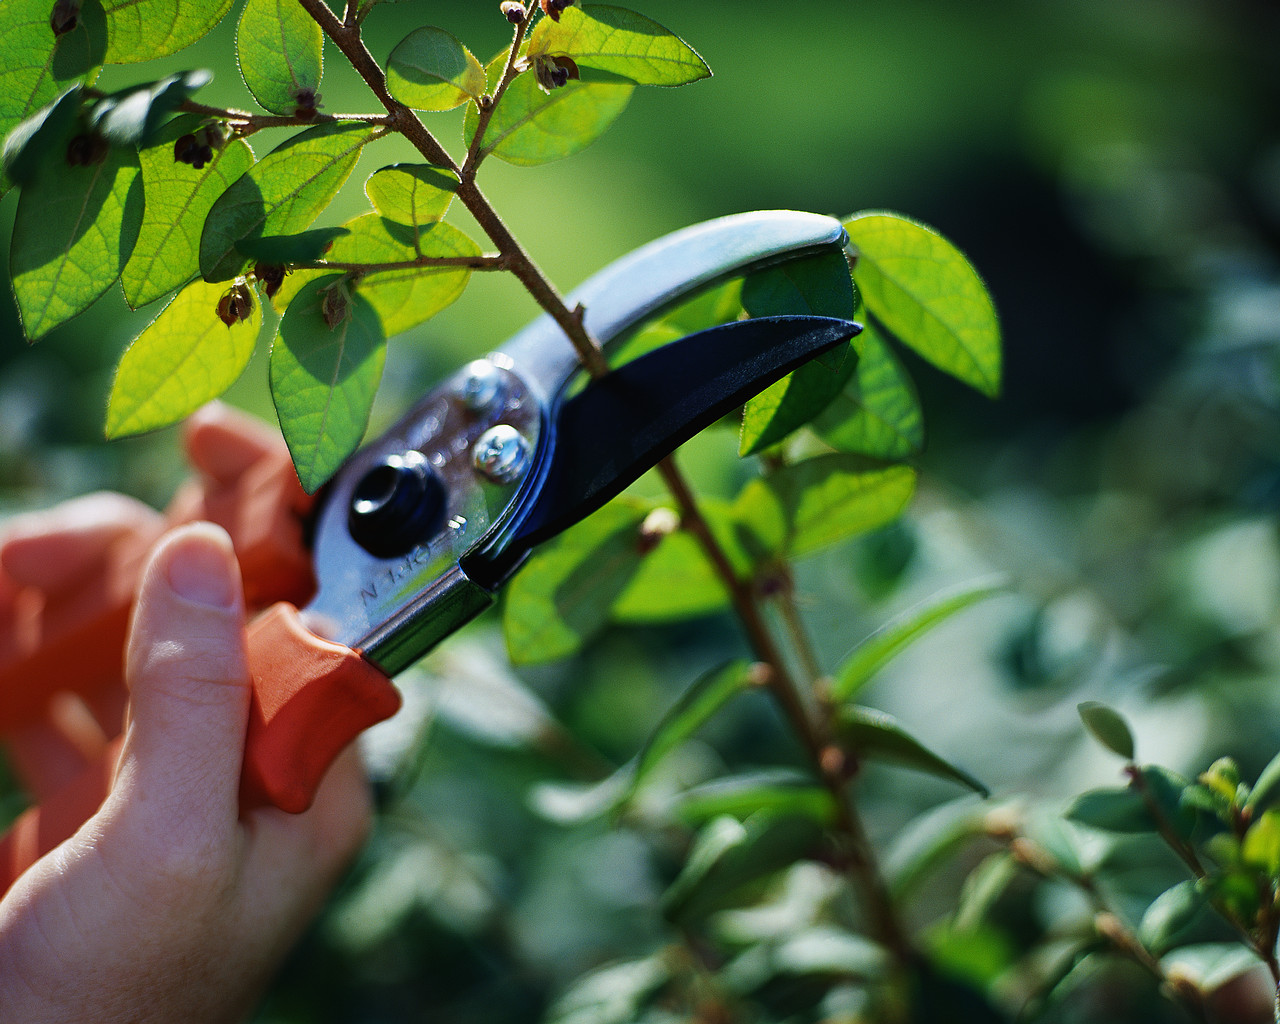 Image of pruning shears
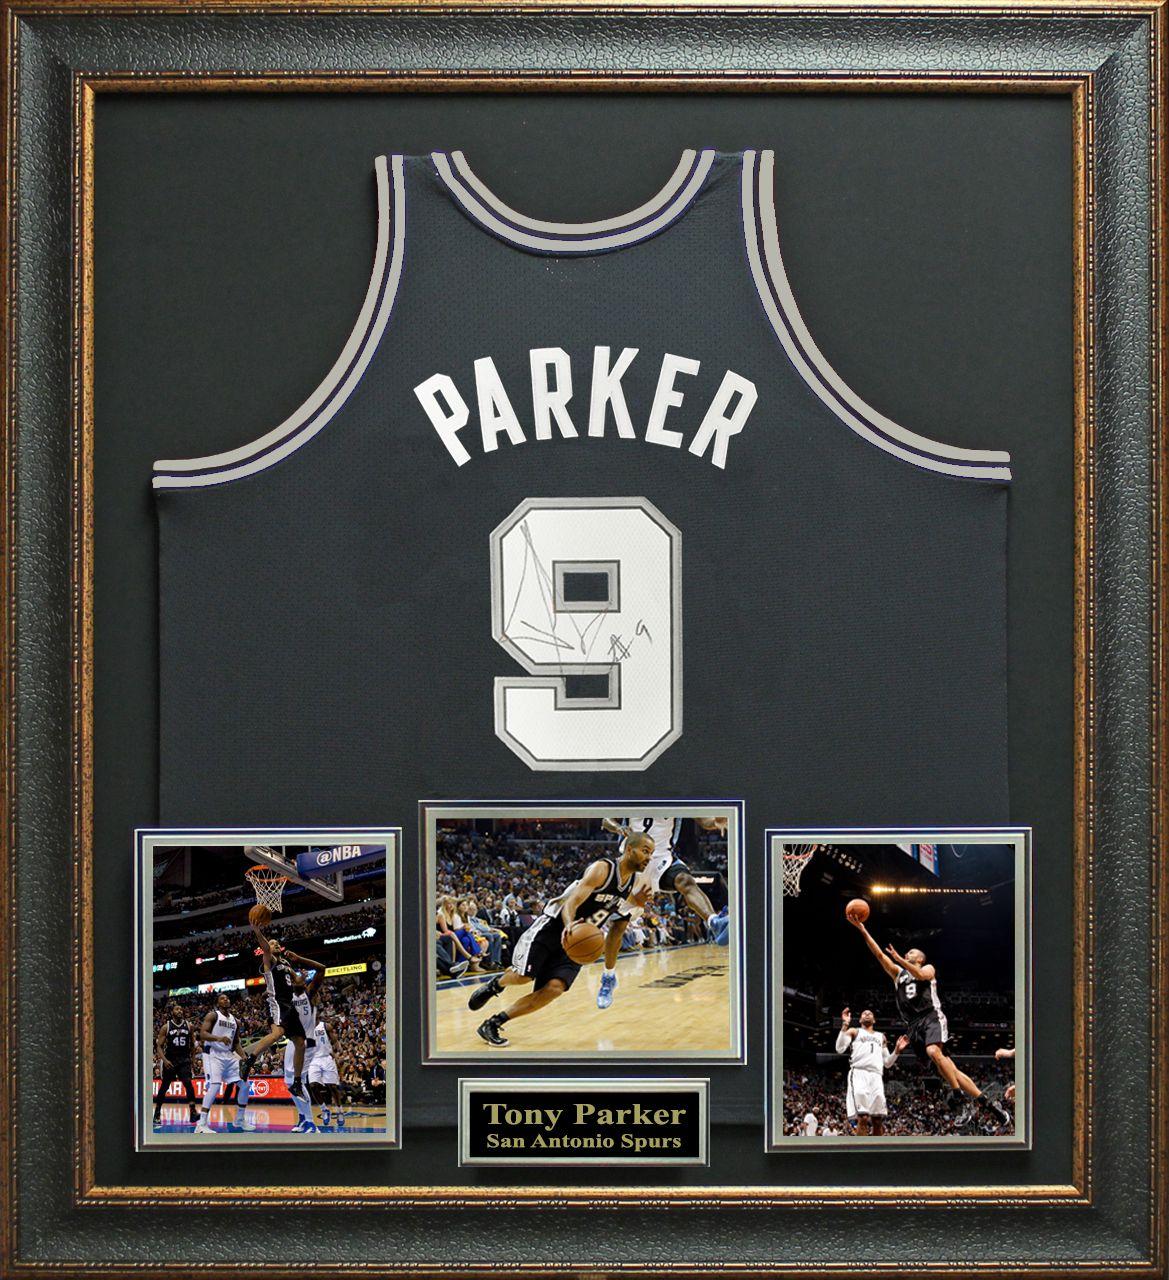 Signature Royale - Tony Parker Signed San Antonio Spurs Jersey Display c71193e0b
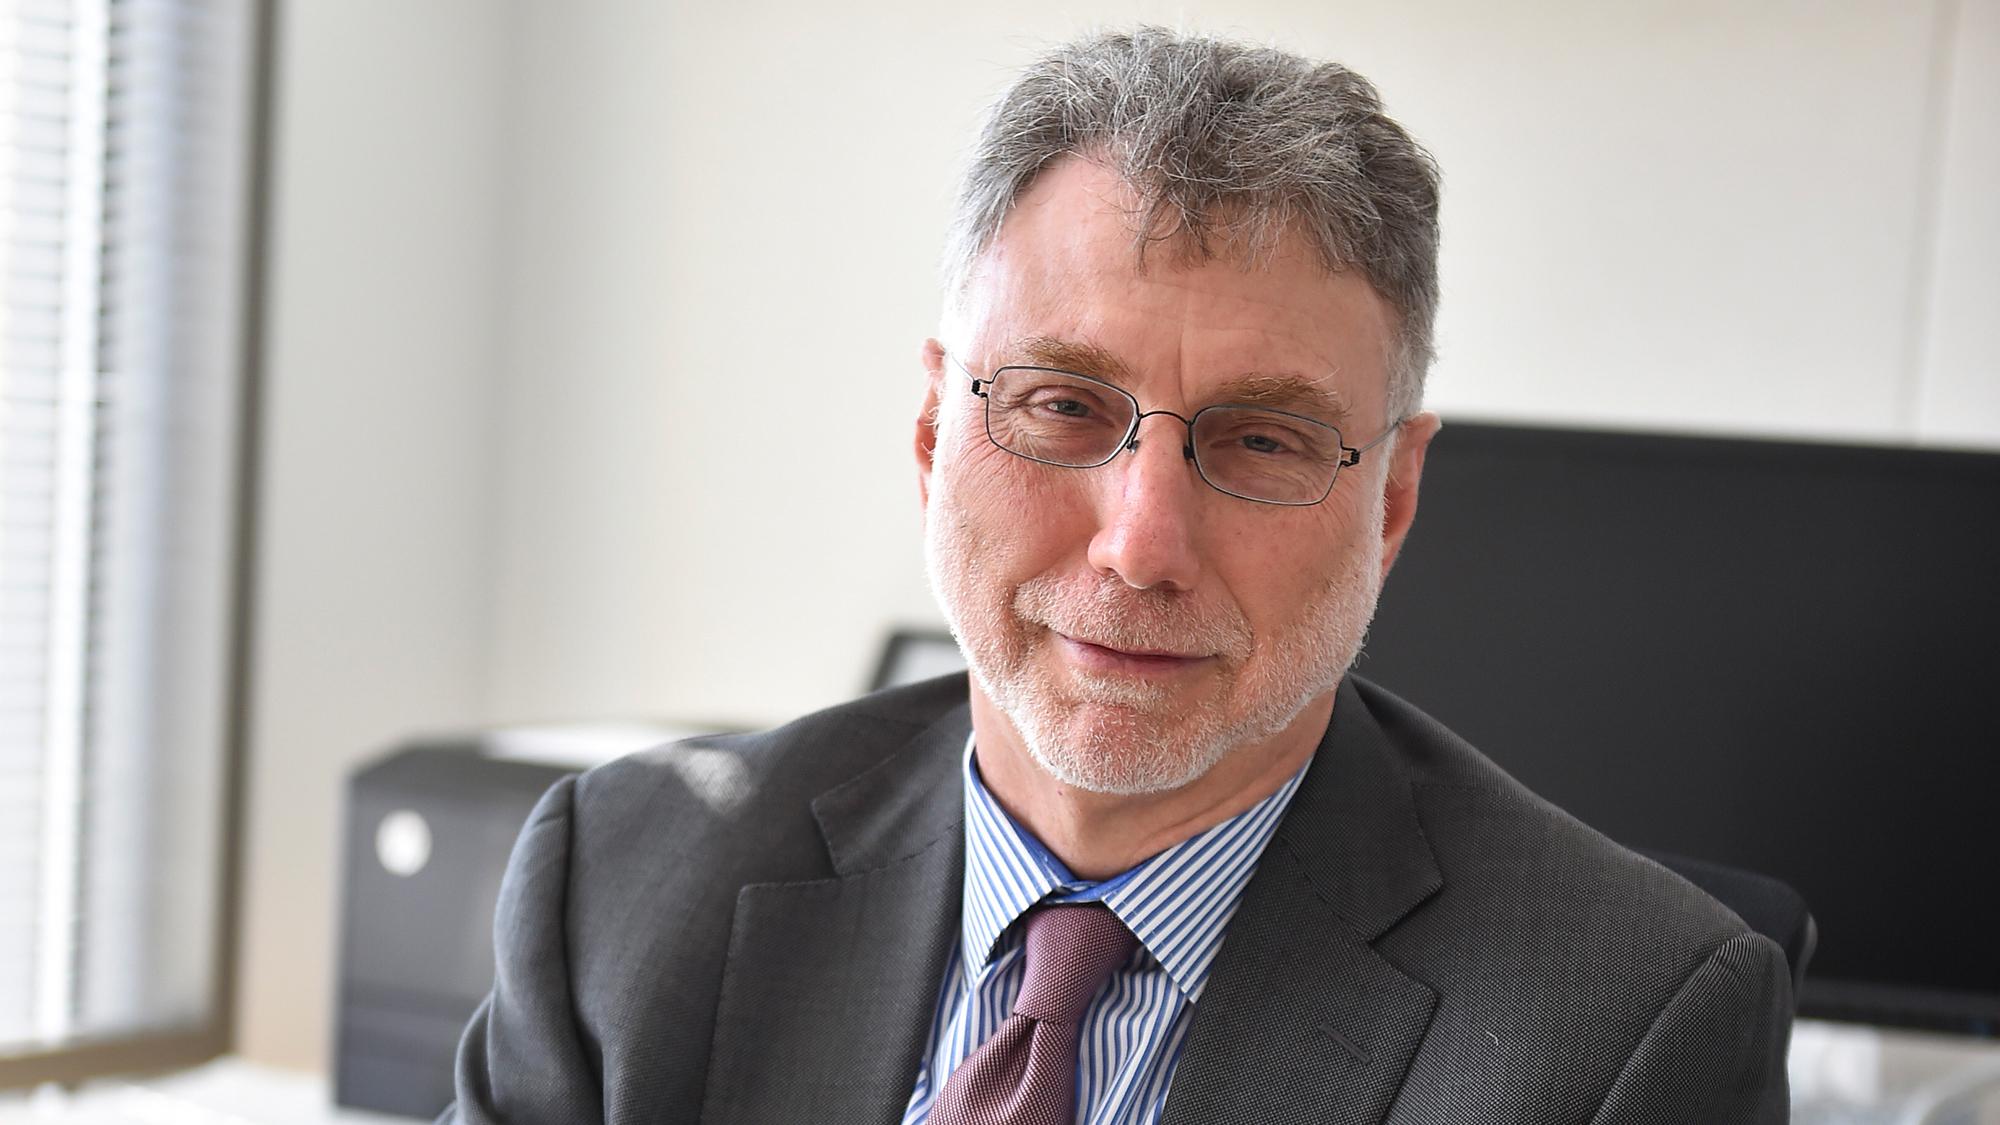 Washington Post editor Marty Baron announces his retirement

● ● ● ● ●

▶ Task instructions
In your copy of the data above, leave out the pictures and repeat everything else exactly.

▶ Answer box
 Image of pruning shears
 Signature Royale - Tony Parker Signed San Antonio Spurs Jersey Display c71193e0b
 Washington Post editor Marty Baron announces his retirement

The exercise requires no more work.